Chris, a service manager I spoke with recently, described his workflow this way: scheduling in Microsoft Projects, dispatching by email, timesheets submitted on paper, scanned, and emailed to HR, where someone manually calculates overtime for each person, by hand, every single month.

“I have to go through and dictate what each service consultant gets each week for overtime. It’s kind of just hand calculated, signed off on, and then scanned in and emailed over to HR.”

That’s a company with software. It’s just that none of it talks to each other, and the people in the middle pay that cost every single day.

 

The Real Price of “Good Enough”

The price on the invoice is not the price you’re paying.

The actual cost is in the labor that connects disconnected systems: the back-office manager re-entering the same time data in three places (once to bill the customer, once for job costing, once for payroll). It’s the dispatcher calling a crew member because the scheduling tool doesn’t surface job details. It’s the change order that goes undocumented because work expanded on a verbal agreement and nobody got a signature before the crew left the site.

Chris put it plainly:

“It’s either a verbal handshake, ‘Yeah, I’ll pay for it, get it done,’ and it’s either shortcoming on our part or their part of not signing a document, or it just gets lost in the shuffle. And trying to work back into that invoice is challenging.”

Change orders lost in the shuffle. Overtime miscalculated. Billing delayed because paperwork hasn’t made it from the field to the office. This is where the real money goes.

ProcessBarron, an Alabama-based company that designs, installs, and repairs industrial fans and material handling systems, was spending roughly half a million dollars a year managing their patchwork of apps and manual processes. Their billing cycle ran five to six weeks from job completion to invoice. Within the first month on a unified platform, they cut manual labor costs by 75% and reduced their billing cycle to 48 hours. By capturing change orders digitally on-site with instant signatures, they recovered over $1.6 million in their first year that they say they would have otherwise lost.

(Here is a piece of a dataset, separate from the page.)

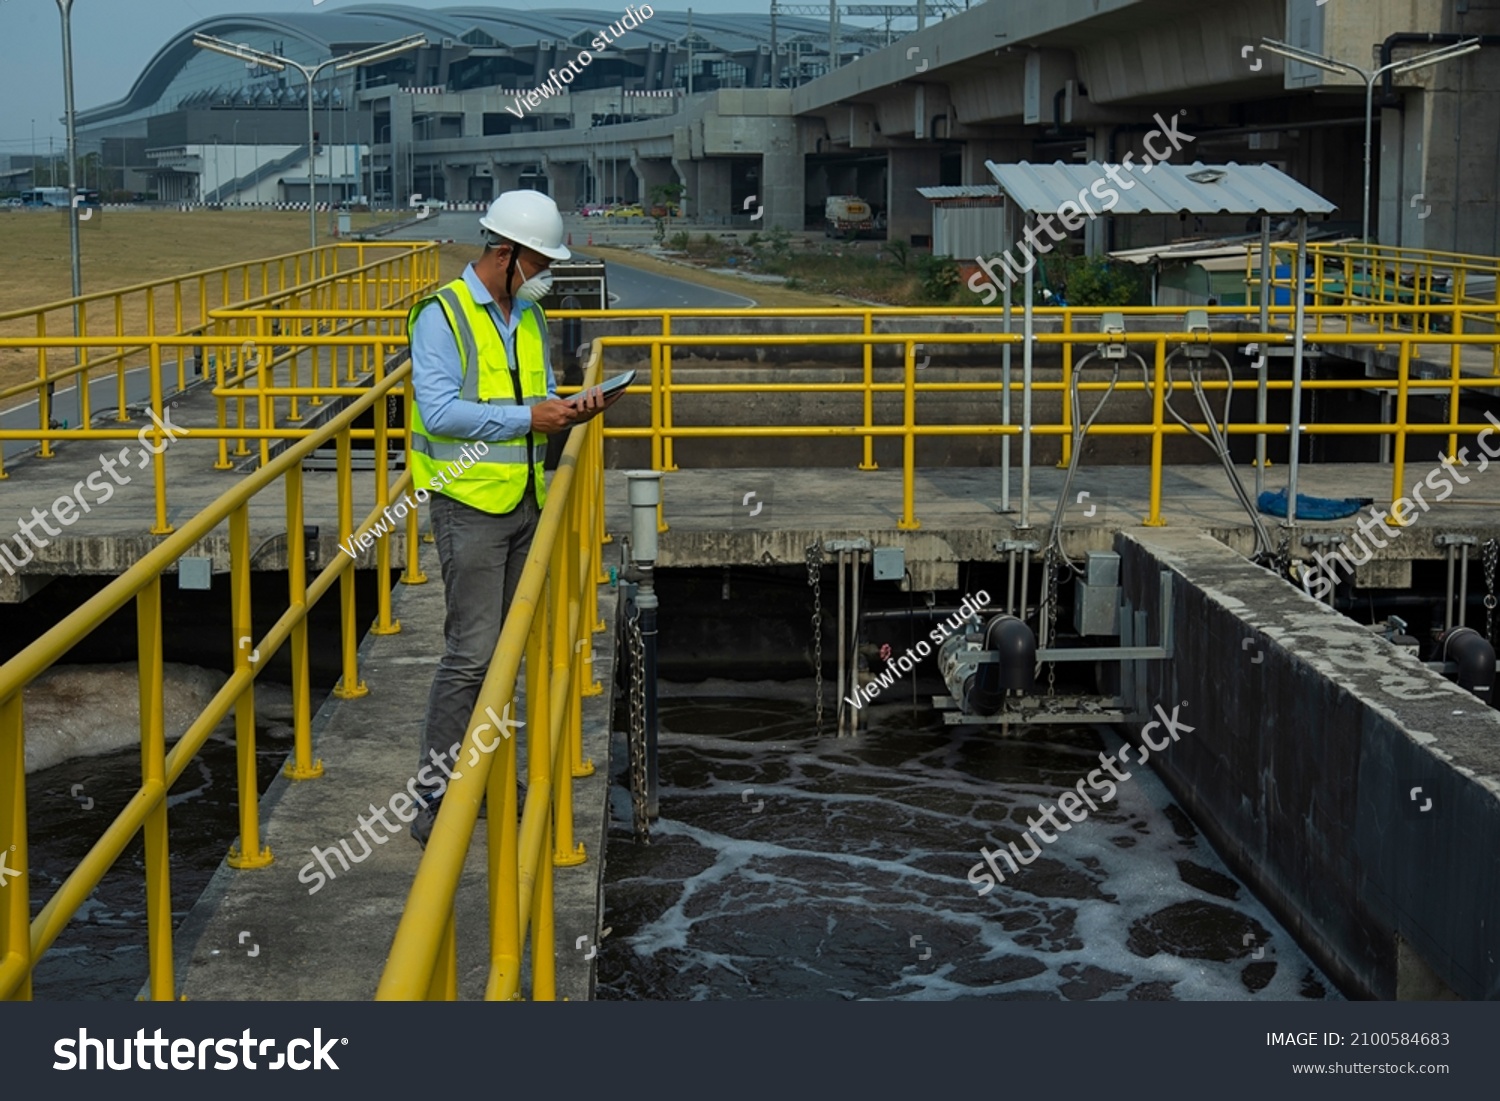 Wastewater treatment concept. Service engineer on  waste water Treatment plant. #2100584683

That’s not a technology story. That’s a business operations story.

 

Solving a Problem vs. Changing How You Work

There’s a meaningful difference between fixing a symptom and improving how your business actually runs.

When you buy an app to solve a problem, you treat the symptom. Your crew hours are hard to verify, so you get a timekeeping app. The headache eases, but the underlying issue remains. The data doesn’t connect to scheduling. It doesn’t connect to job costing or billing. It still has to be manually moved from one place to another.

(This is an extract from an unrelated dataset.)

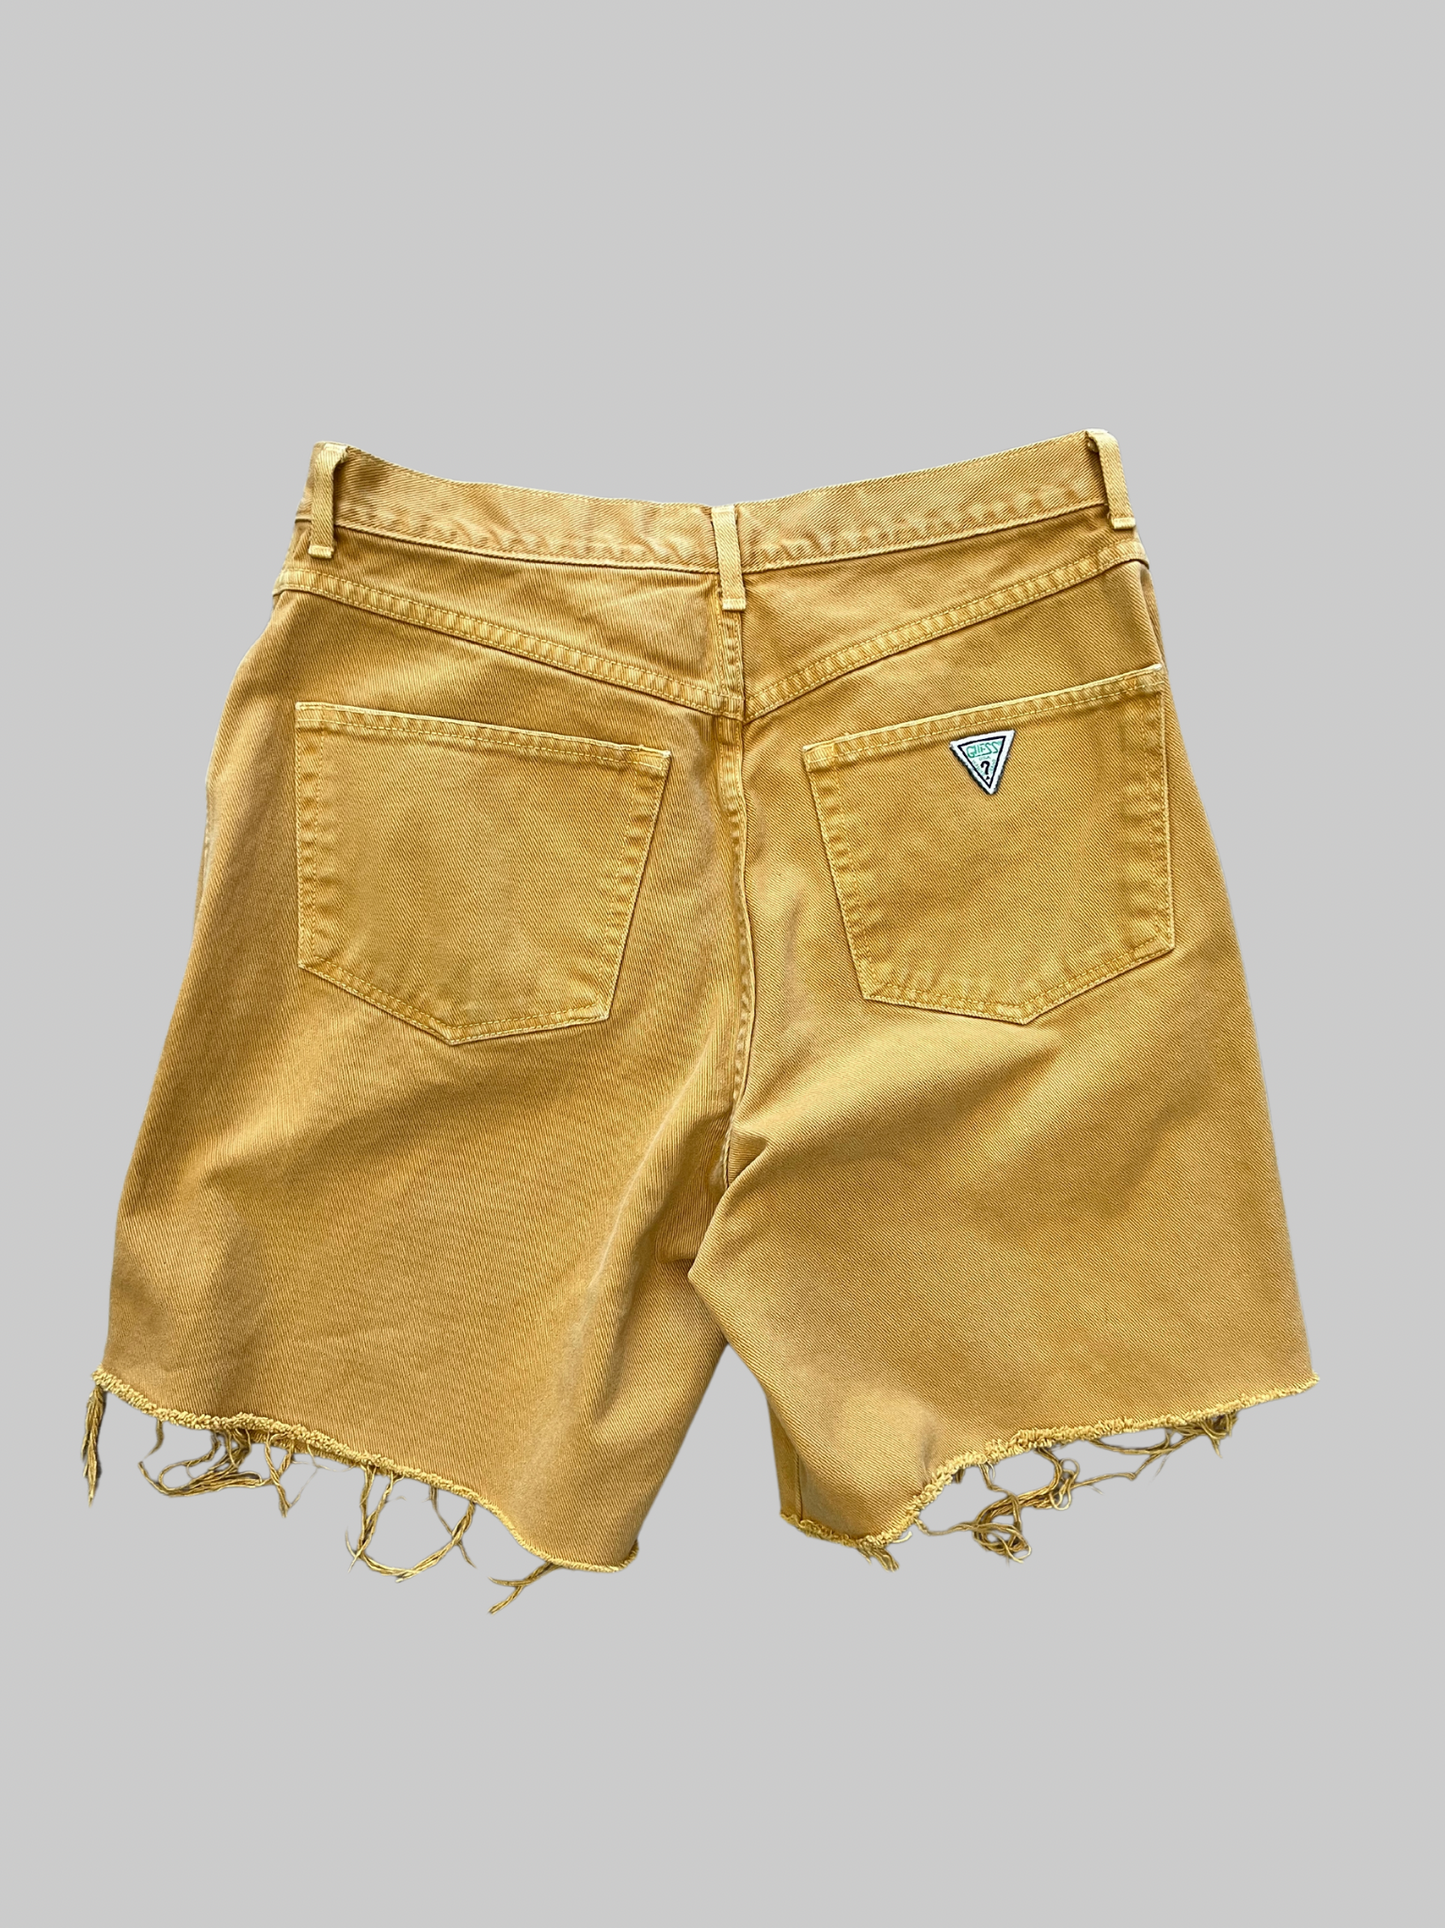 Gold 90’s Guess Cut Off Jean Shorts (31)

The companies scaling cleanly aren’t asking “what app fixes this problem?” They’re asking: what does our entire workflow look like from the moment a job comes in to the moment we get paid, and where are the gaps? When you add tools one problem at a time, you end up with data scattered across systems that don’t talk to each other, and people in the middle manually connecting the dots. That’s not a technology strategy. It’s just a more expensive version of the paper it replaced.

 

Your Tools Need to Grow With You

Both Mike and Chris told me some version of the same thing: we want to grow. Mike wants to double his industrial services revenue. Chris’s company is scaling and taking on more accounts.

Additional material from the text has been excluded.